How to Get over a Breakup without Letting it Break You

How to Get over a Breakup

Breakups always hurt. You could be a teenager who had her first breakup. You could be a grown-up woman who has been there, done that quite a few times already. But a breakup hurts like it’s your first, every single time. And although you need to go through it to come out of it, it doesn’t always have to be so hard.

How to get over a breakup

Follow the tips given below to ensure that those breakup blues don’t last for too long:

1. Accept that it Happened

Now it can be really hard to accept that the man you thought was the love of your life, has left you. So it’s quite obvious that you will be in denial for the initial few days. You’ll check your phone a hundred times throughout the day, waiting for his text or call. It’ll seem not like a “breakup” but a “break” initially.

But as the days will pass, you’d realize that this time, he is gone and he is not coming back. That is when it will ACTUALLY hit you and that is when you must accept the reality that you, my dear, are a single woman now.

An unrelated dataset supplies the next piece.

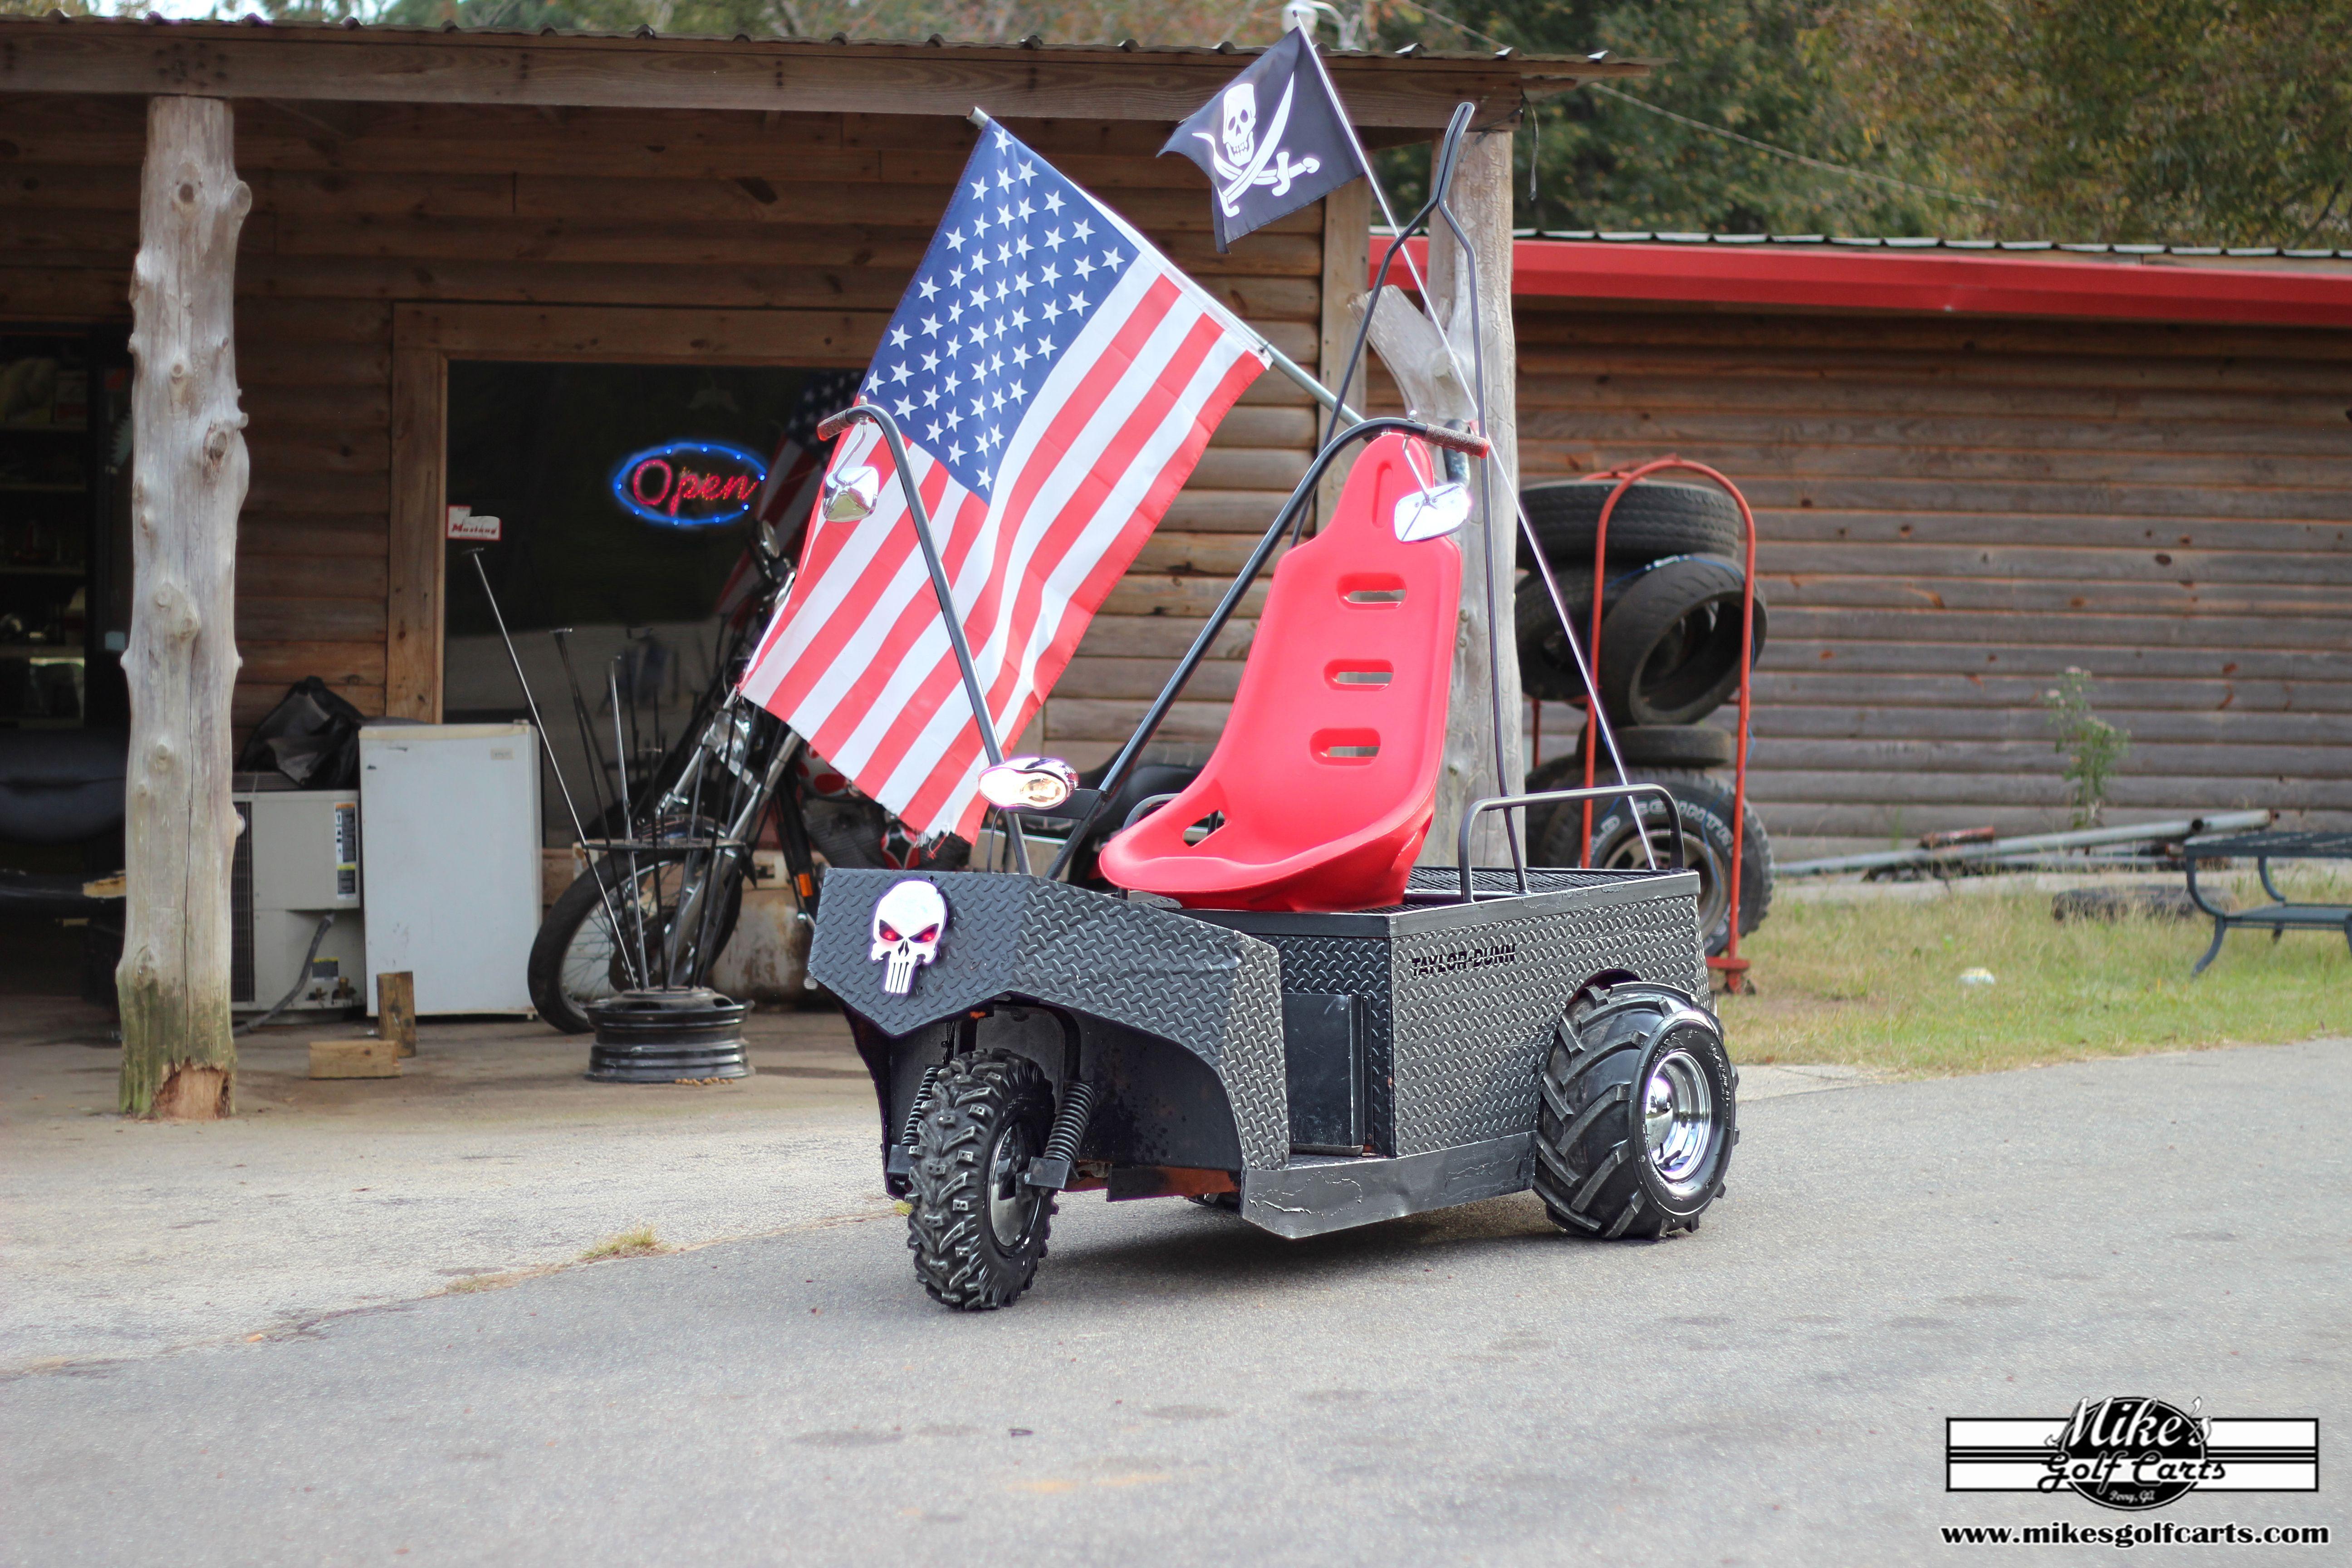 Our Custom Cushman Golf Cart Trike At Motorcycle Shop Previously A Warehouse Golf Cart Converted To An Ape Hange Custom Golf Carts Motorcycle Shop Golf Carts

2. Mourn, but not for too Long

The mourning period is important, after all a relationship you invested so much time, efforts and emotions in, just died. But how long should you grieve, depends, on what was the actual reason behind the breakup; what was the duration of your relationship; and most importantly, was he someone who really loved you and respected you as much as you loved and respected him? Do a little introspection to find the answers.

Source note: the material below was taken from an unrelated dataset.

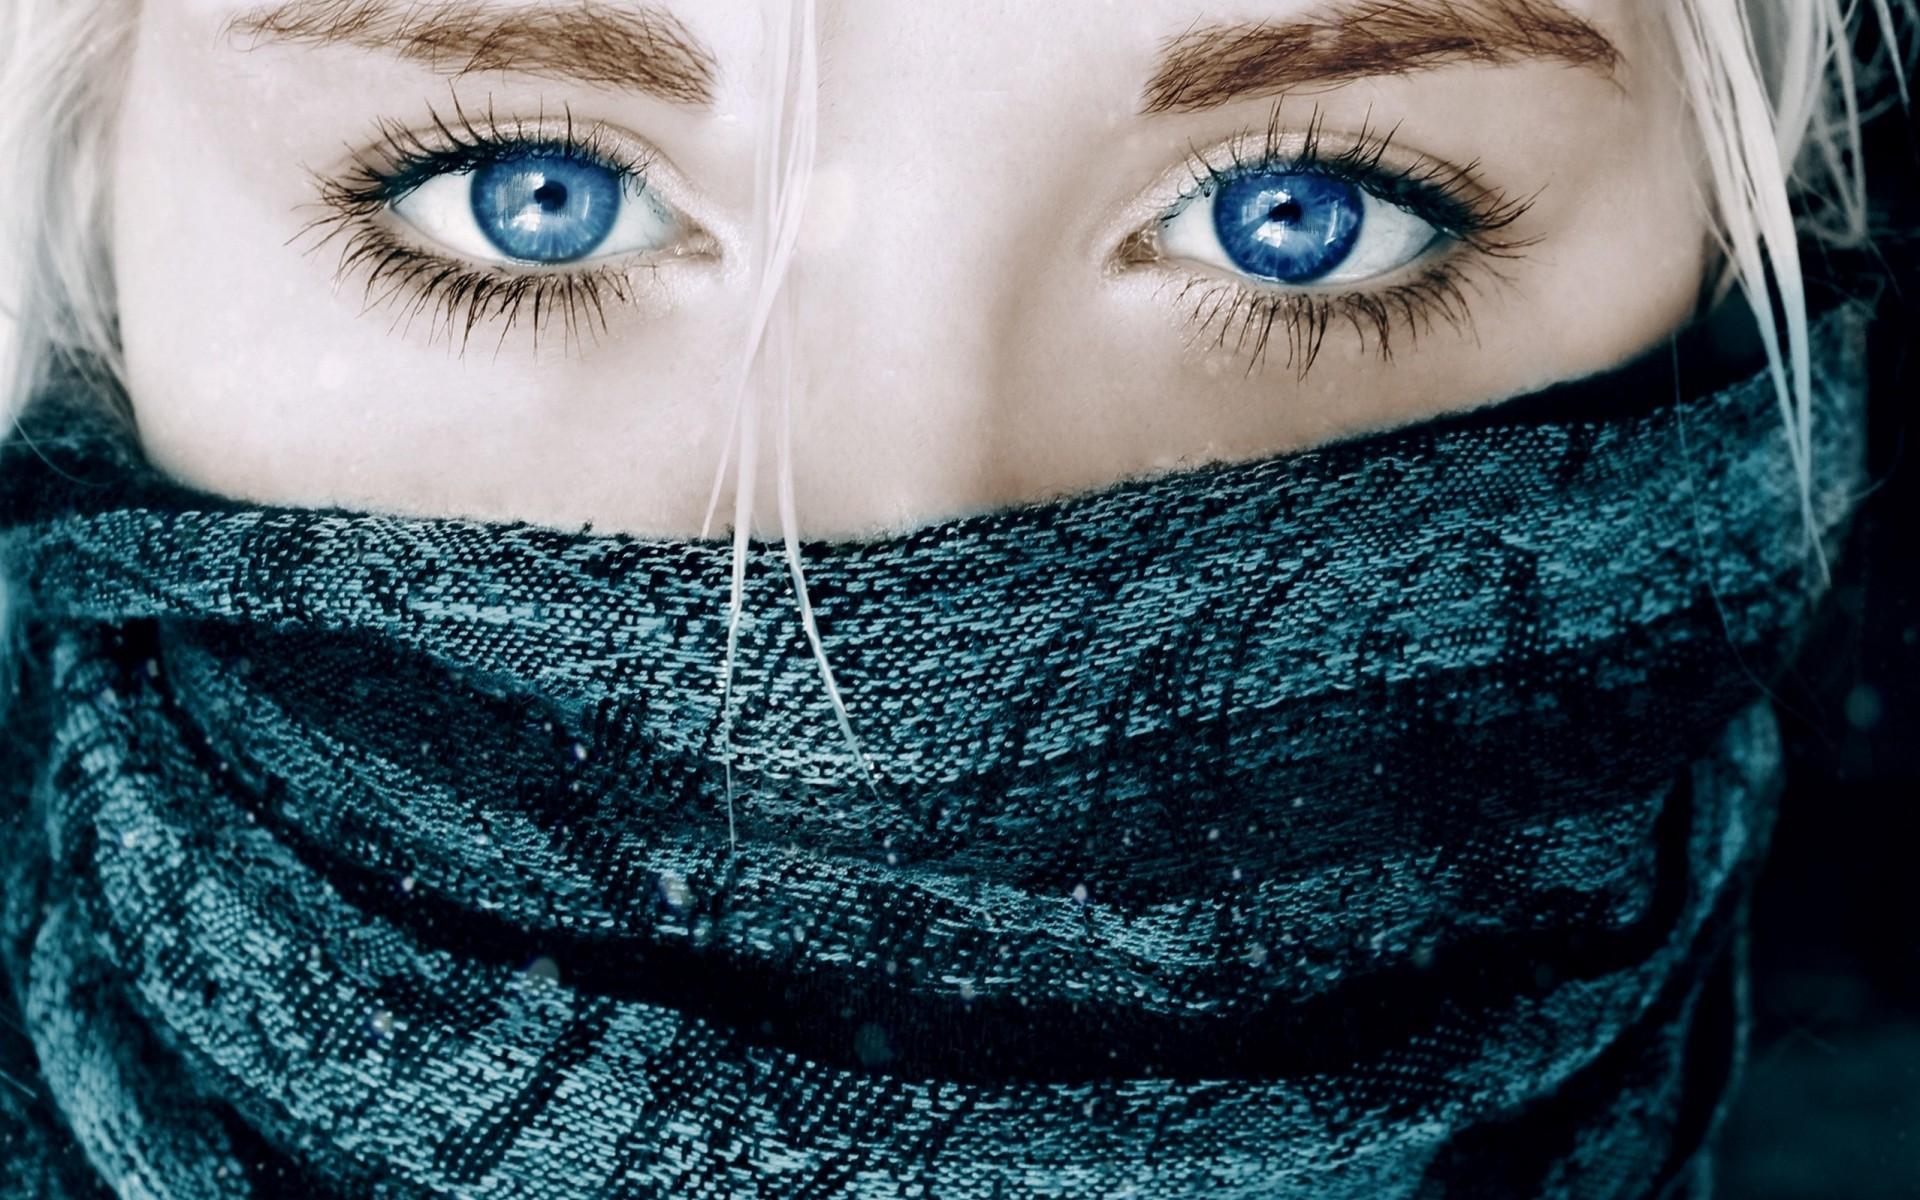 Blue Eye Wallpaper 75 images

3. Don’t Let Your Breakup Hit your Sense of Self Worth

It’s very much possible that you might be sitting there curled into a goofball on the couch full of self-hate and self-doubt. You might be trying to find faults within yourself, thinking that maybe you didn’t deserve him and all other thoughts of self-loathing will start to hover over your head. Shake them all off!

It’s crucial at this point that you realize that whatever happened wasn’t your fault. He wasn’t happy with you and hence, he would have never made you happy. This is the time when you must have faith that someone better will come to you, in the future.

4. Keep Yourself Busy

It’s essential that you keep yourself as busy and occupied as possible. The reason being, right after a breakup, you must be having all this rage and anger simmering inside of you which must be channelized properly. If you fail to do that, you might end up taking some impulsive decisions that you might regret later. Like, sending hate emails to your ex-boyfriend or drunk calling him and begging him to come back to you.

This is the time that you can utilize to finish that research paper you have been procrastinating to finish. Or you can take up that megaproject at work that was offered to you but you refused because you thought you might not find time for your boyfriend. Or renovate your flat the way you always wanted to but were not able to because your life revolved around work on weekdays and Mr. Ex on weekends.

5. Go on a Solo Trip

Now it’s true that traveling has turned into #travelling and the desire for traveling far and wide and everywhere, into #wanderlust. People have started traveling because “it’s in” and because “it’s trendy”. But this is the time that you must travel somewhere away from your city and daily life because it’s good for your soul.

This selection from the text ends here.